### [Work required]
Pictures aside, reproduce exactly each line from the one holding "Maui-Ocean-Front-Wedding-070816-14" through the last line of the material, both ends included.

### [Exercise data]
+++
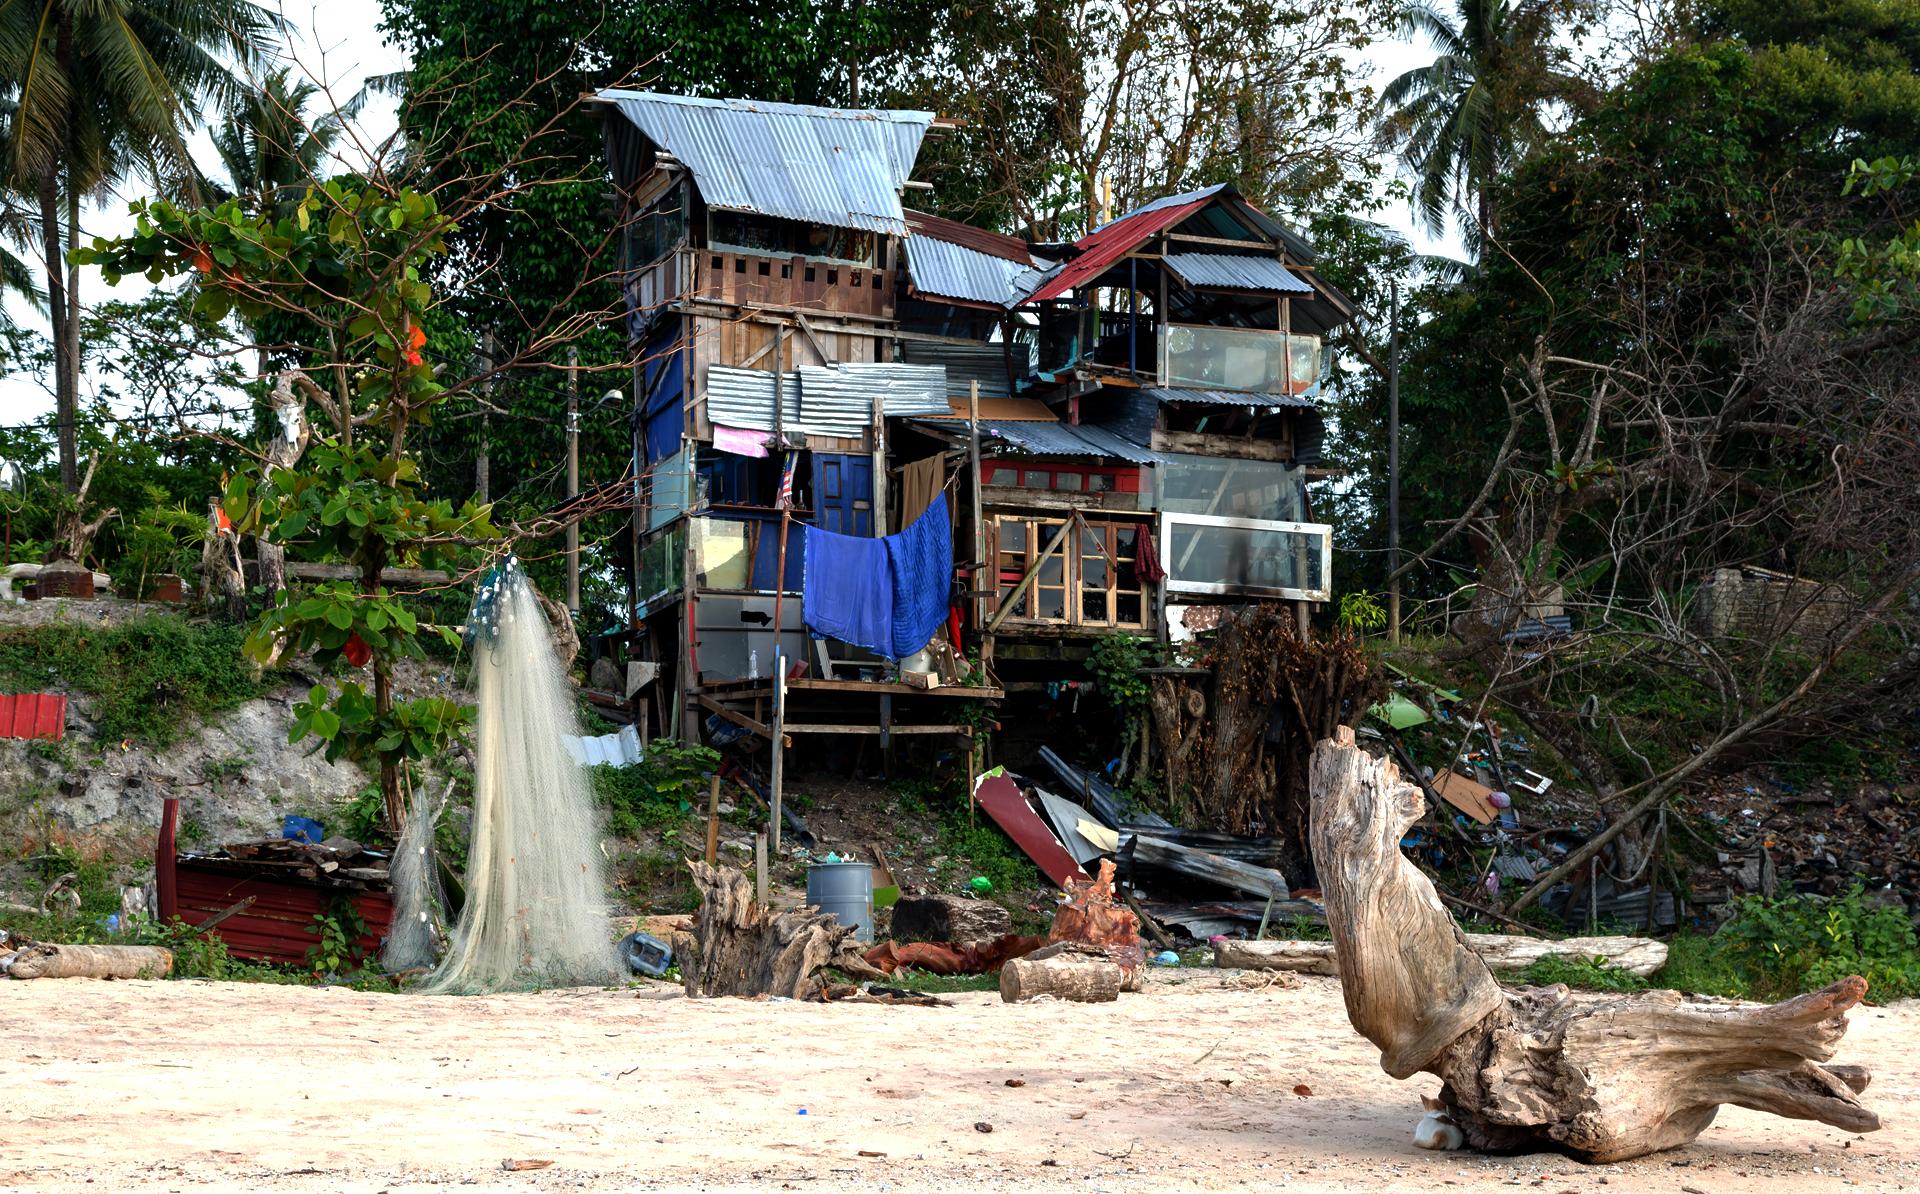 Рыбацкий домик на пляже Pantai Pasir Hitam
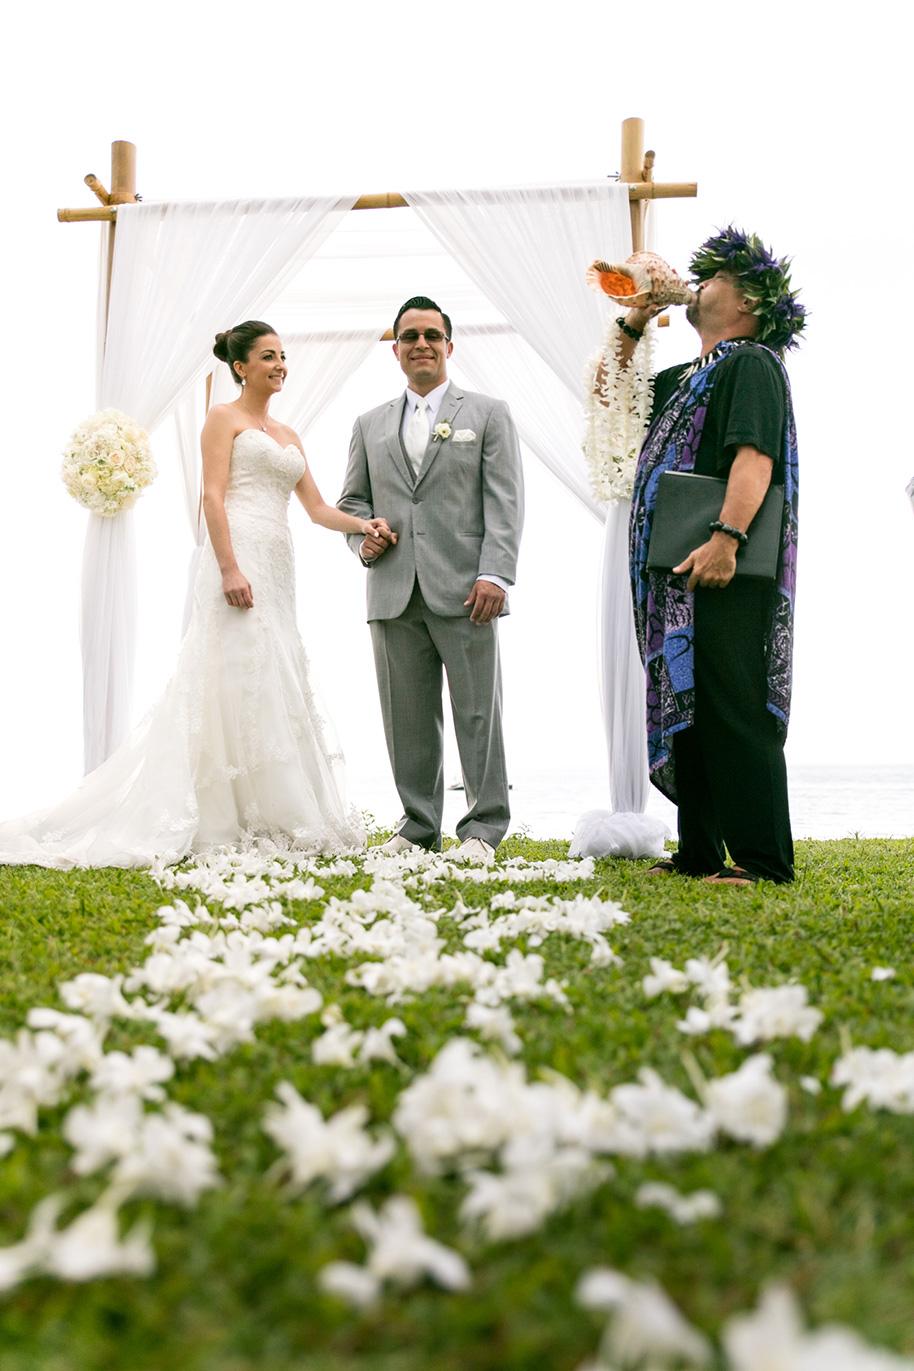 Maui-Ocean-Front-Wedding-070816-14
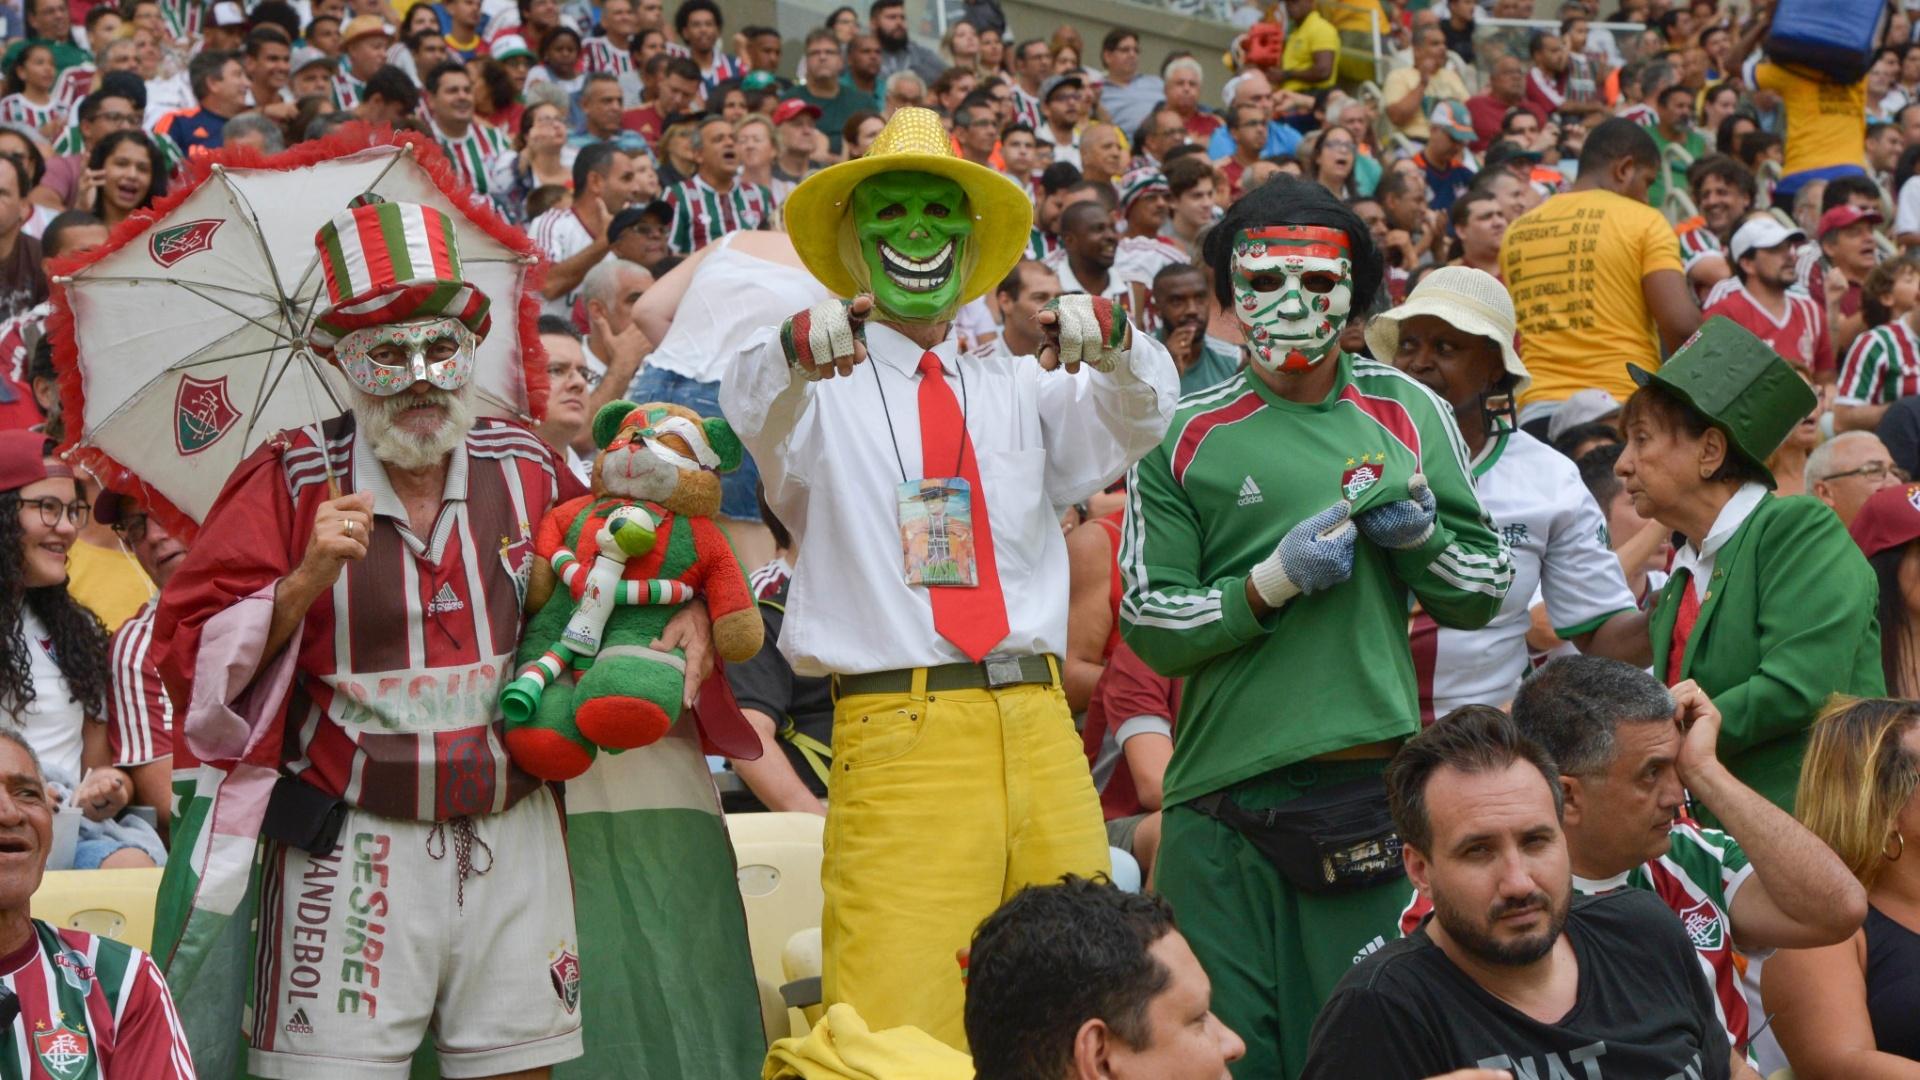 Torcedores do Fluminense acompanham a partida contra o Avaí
+++
### [Solution]
 Maui-Ocean-Front-Wedding-070816-14
 Torcedores do Fluminense acompanham a partida contra o Avaí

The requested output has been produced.